Masvingo City has had a historical role as an economic aggregation, processing, and distribution node at the heart of two strategic national corridors connecting the country’s north-south and east-west axes. As a provincial capital for Zimbabwe’s south-eastern corner, the city has had spatial and economic leadership of a region rich in tourism assets and agro-based industries. Further, the city has an important political, social, and economic history. The completion of Tokwe-Mukosi provides another strategic tourism and recreational asset around which a service industry requiring support from Masvingo City can grow. A unique mix of heritage, agricultural, mineral, recreational, and tertiary education resources require conscious cultivation in Masvingo’s development praxis.

These rich and unique opportunities offer key lessons for national and local urban planning and broader urban governance. As a secondary city, Masvingo has not been a mere copy of Zimbabwe’s main metropolises of Harare and Bulawayo. It has fulfilled unique geo-spatial and economic functions, with its authorities leading a trajectory of development in a manner relevant for other secondary cities to learn from. As observed by Githira et al. (2020), secondary cities are full and stand-alone urban centres, something that Masvingo exhibits based on historical and contemporary analyses. Though similar to other cities in some instances, Masvingo remains distinct and should be classified and developed accordingly. Development plans (master and local) are key instruments to guide urban development in a way that recognises the unique local context to anchor a diversified heritage and industrial economy.

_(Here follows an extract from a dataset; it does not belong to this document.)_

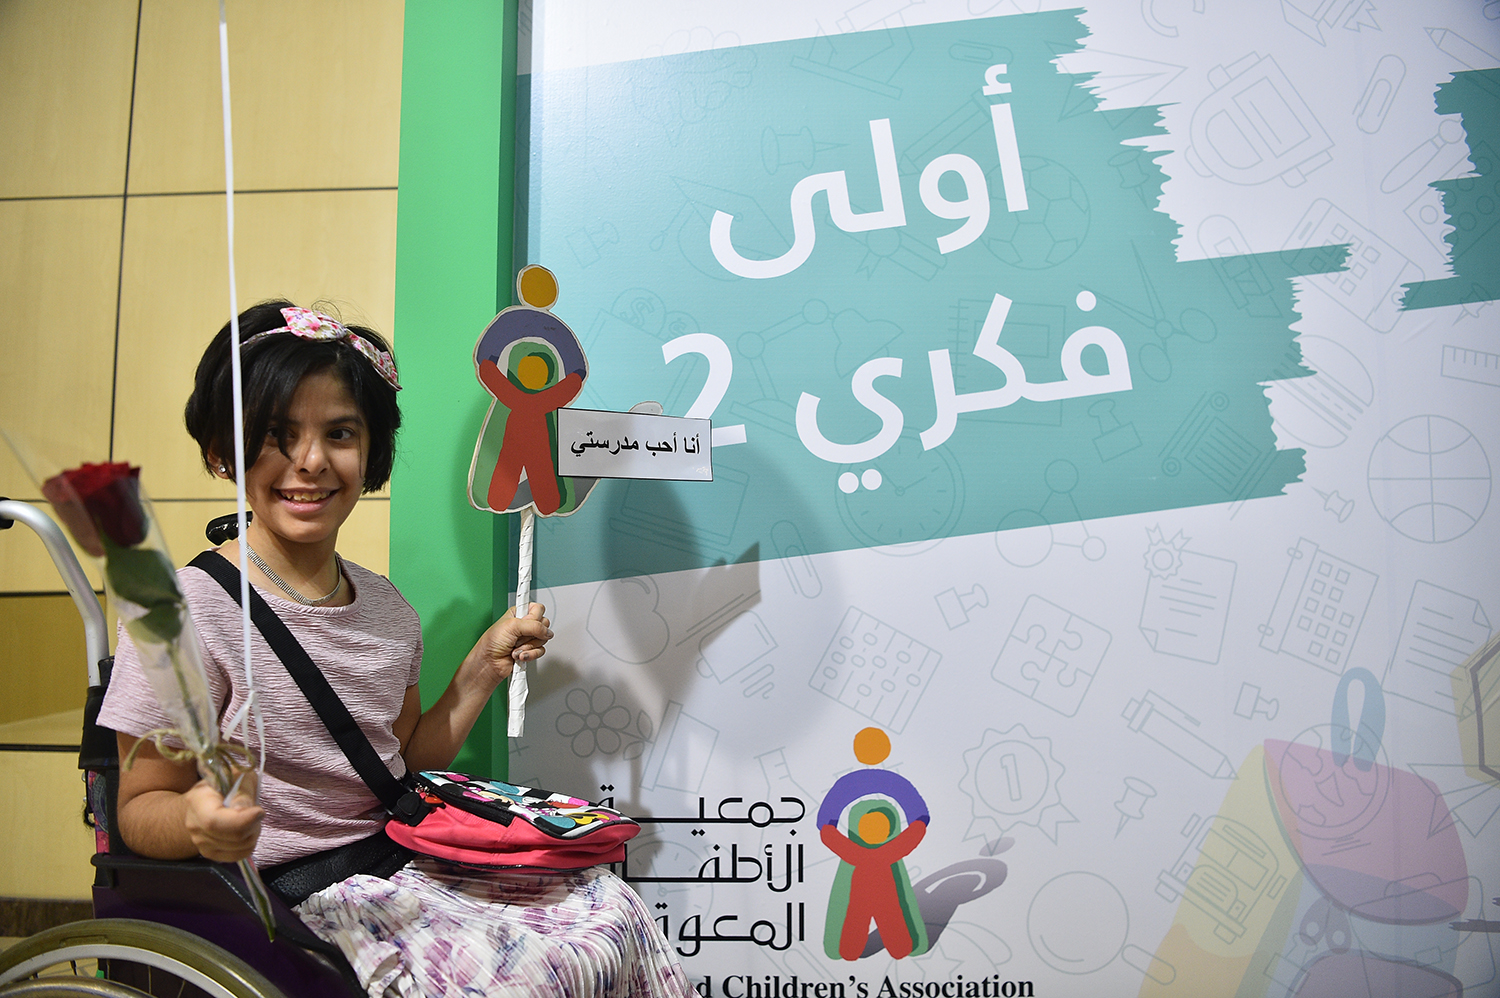 فعاليات واستعراضات.. مركز الملك فهد لرعاية الأطفال المعوقين يحتفل بالعام الدراسي

While many studies have overemphasised on the political and socio-economic challenges and opportunities in primary cities (ADB and Cities Alliance 2019), there are also key experiences and lessons from secondary cities’ experiences. These may contrast or even be similar to experiences in primary cities. Secondary cities need not be looked at based on the actual political and socio-economic factors that define them. Contrasting infrastructure emplacement and governance experiences in Old Mucheke and Victoria Ranch show the need for a closer look at the contextual factors in the city. This is because secondary cities have their own political and socio-economic contexts that may either constrain or promote sustainable urban development interventions. The urban managers, officials, and policymakers of secondary cities need to understand this context and use it to frame spatial interventions.

9 Conclusion

Masvingo City demonstrates contextual uniqueness in its transition. This requires support at the national, regional, and local levels. The city went through some cycles of development as it transitioned from 1890 to the present day. The question becomes whether Masvingo and Zimbabwe’s urban managers invest enough in understanding the city’s transition and what lessons it offers. There are innovative infrastructure financing models emerging from the city that are worthy of acknowledgement. The city is making good progress in terms of how it relates to residents, CSOs, and the private sector. These are some of the important factors that explain its transition. The chapter shows that conflicting rationalities can be amicably dialogued. Examples of partnerships presented in the chapter attest to this.